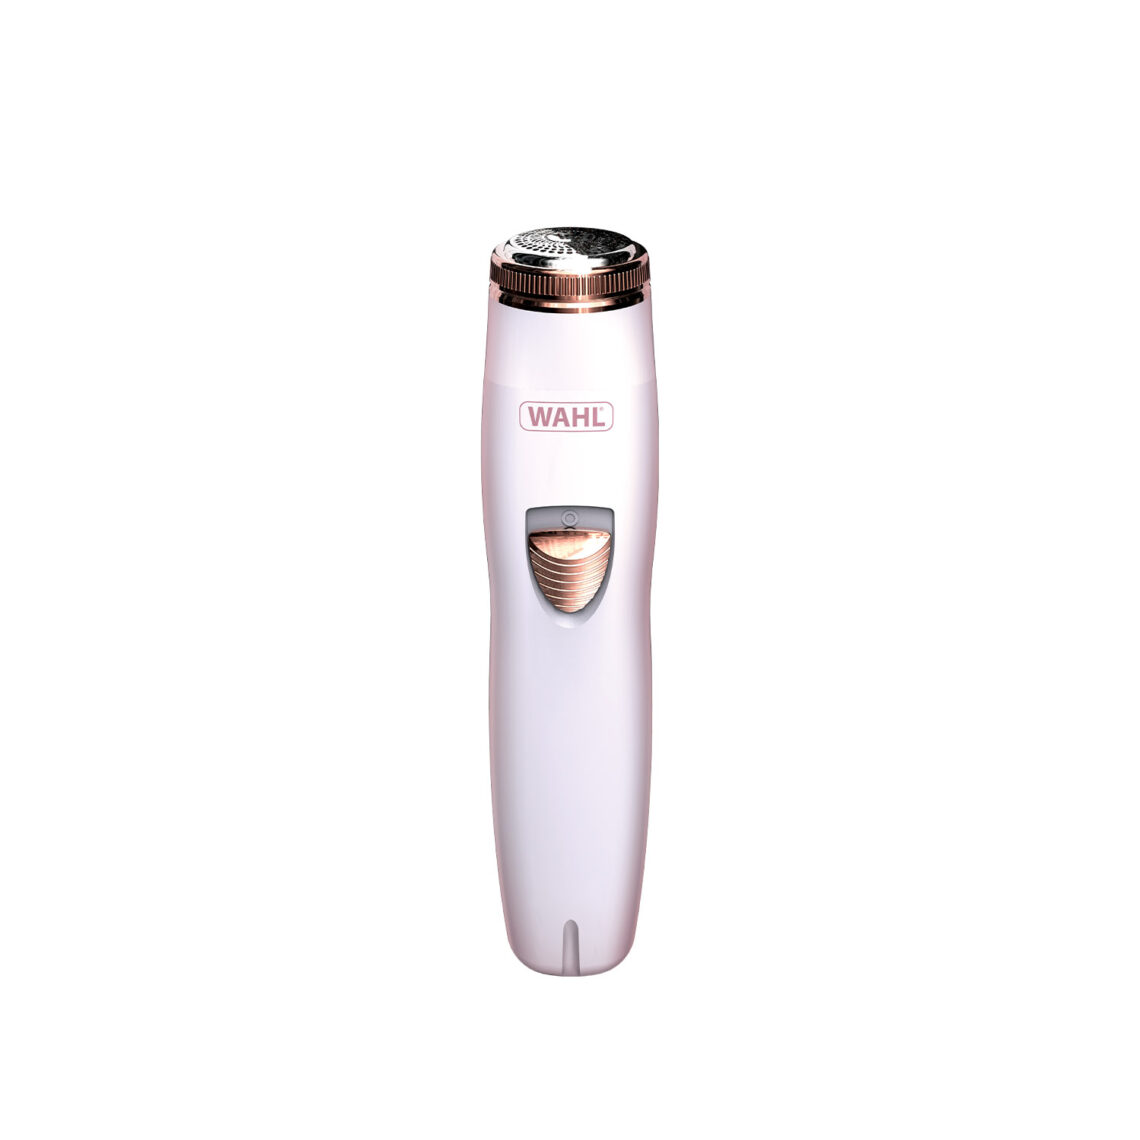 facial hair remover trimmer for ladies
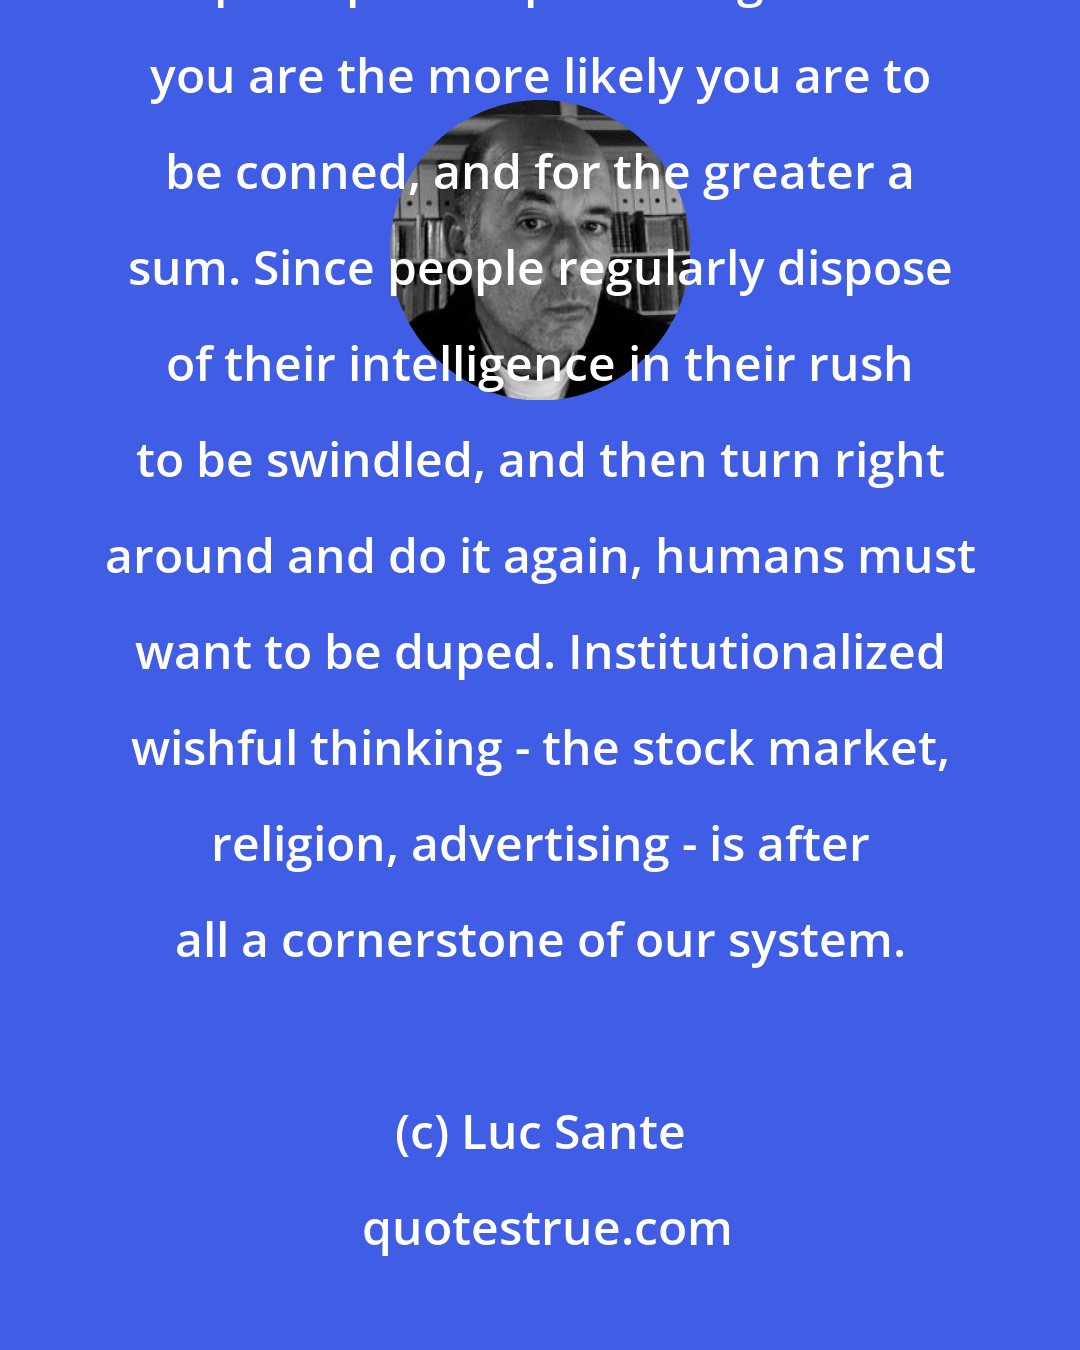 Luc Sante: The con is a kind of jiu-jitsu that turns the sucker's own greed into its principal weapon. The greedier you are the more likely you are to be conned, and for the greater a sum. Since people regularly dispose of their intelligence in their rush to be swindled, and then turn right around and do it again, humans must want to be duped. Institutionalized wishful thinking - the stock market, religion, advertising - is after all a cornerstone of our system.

--------

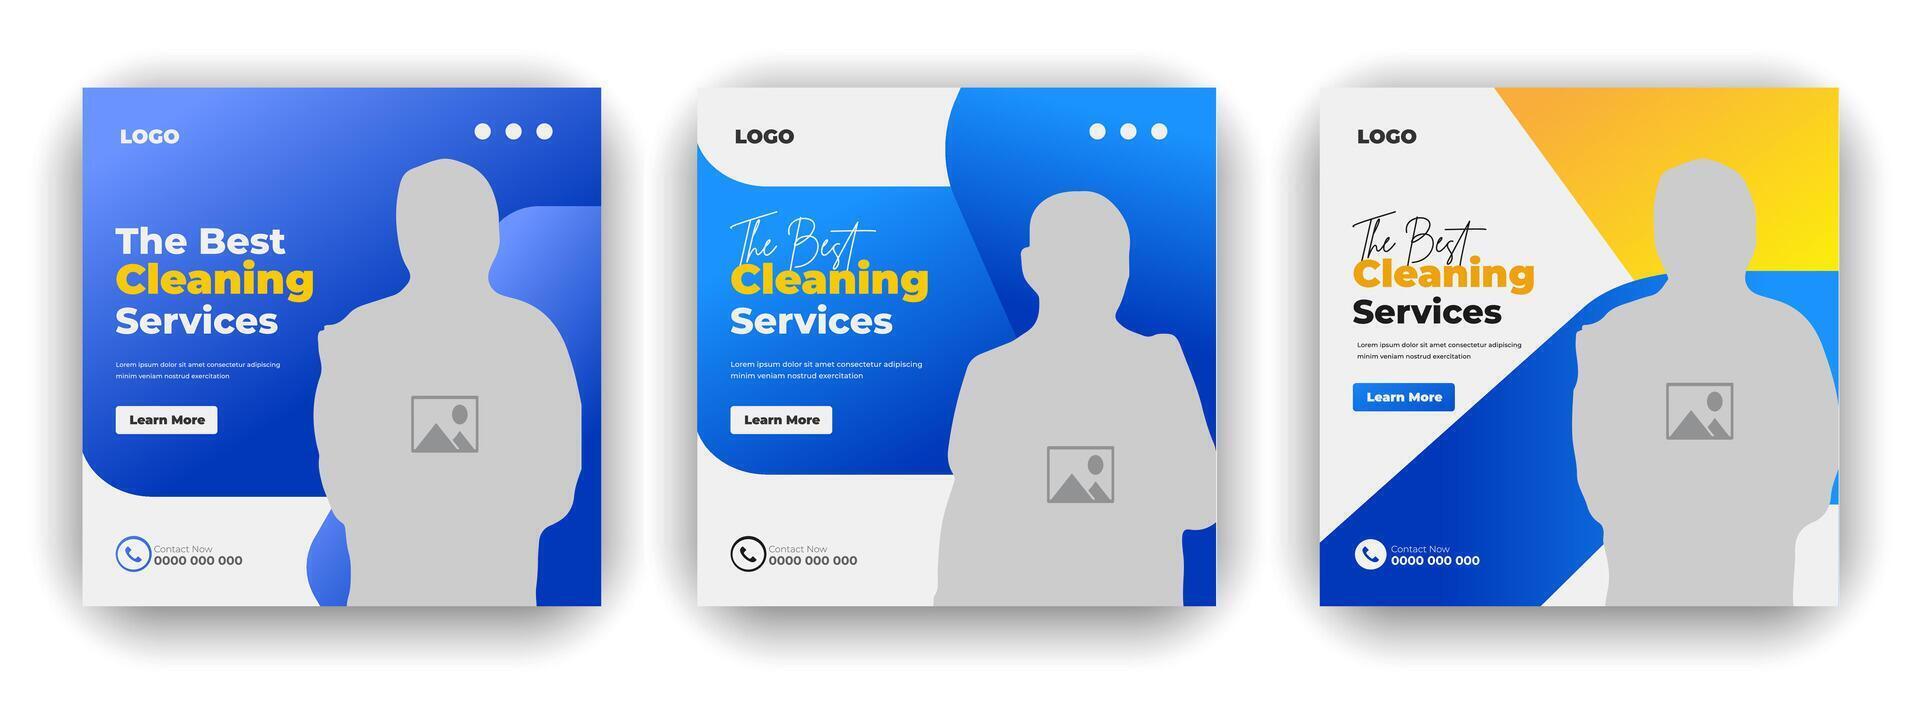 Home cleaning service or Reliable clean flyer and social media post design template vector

--------

**PROBLEM TO WORK ON**: The line holding "facial hair remover trimmer for ladies" starts the copy and the line holding "Luc Sante: The" ends it. Repeat those two lines above and all between them exactly, leaving out pictures.

**RESULT FOR THIS TASK**:
 facial hair remover trimmer for ladies
 Luc Sante: The con is a kind of jiu-jitsu that turns the sucker's own greed into its principal weapon. The greedier you are the more likely you are to be conned, and for the greater a sum. Since people regularly dispose of their intelligence in their rush to be swindled, and then turn right around and do it again, humans must want to be duped. Institutionalized wishful thinking - the stock market, religion, advertising - is after all a cornerstone of our system.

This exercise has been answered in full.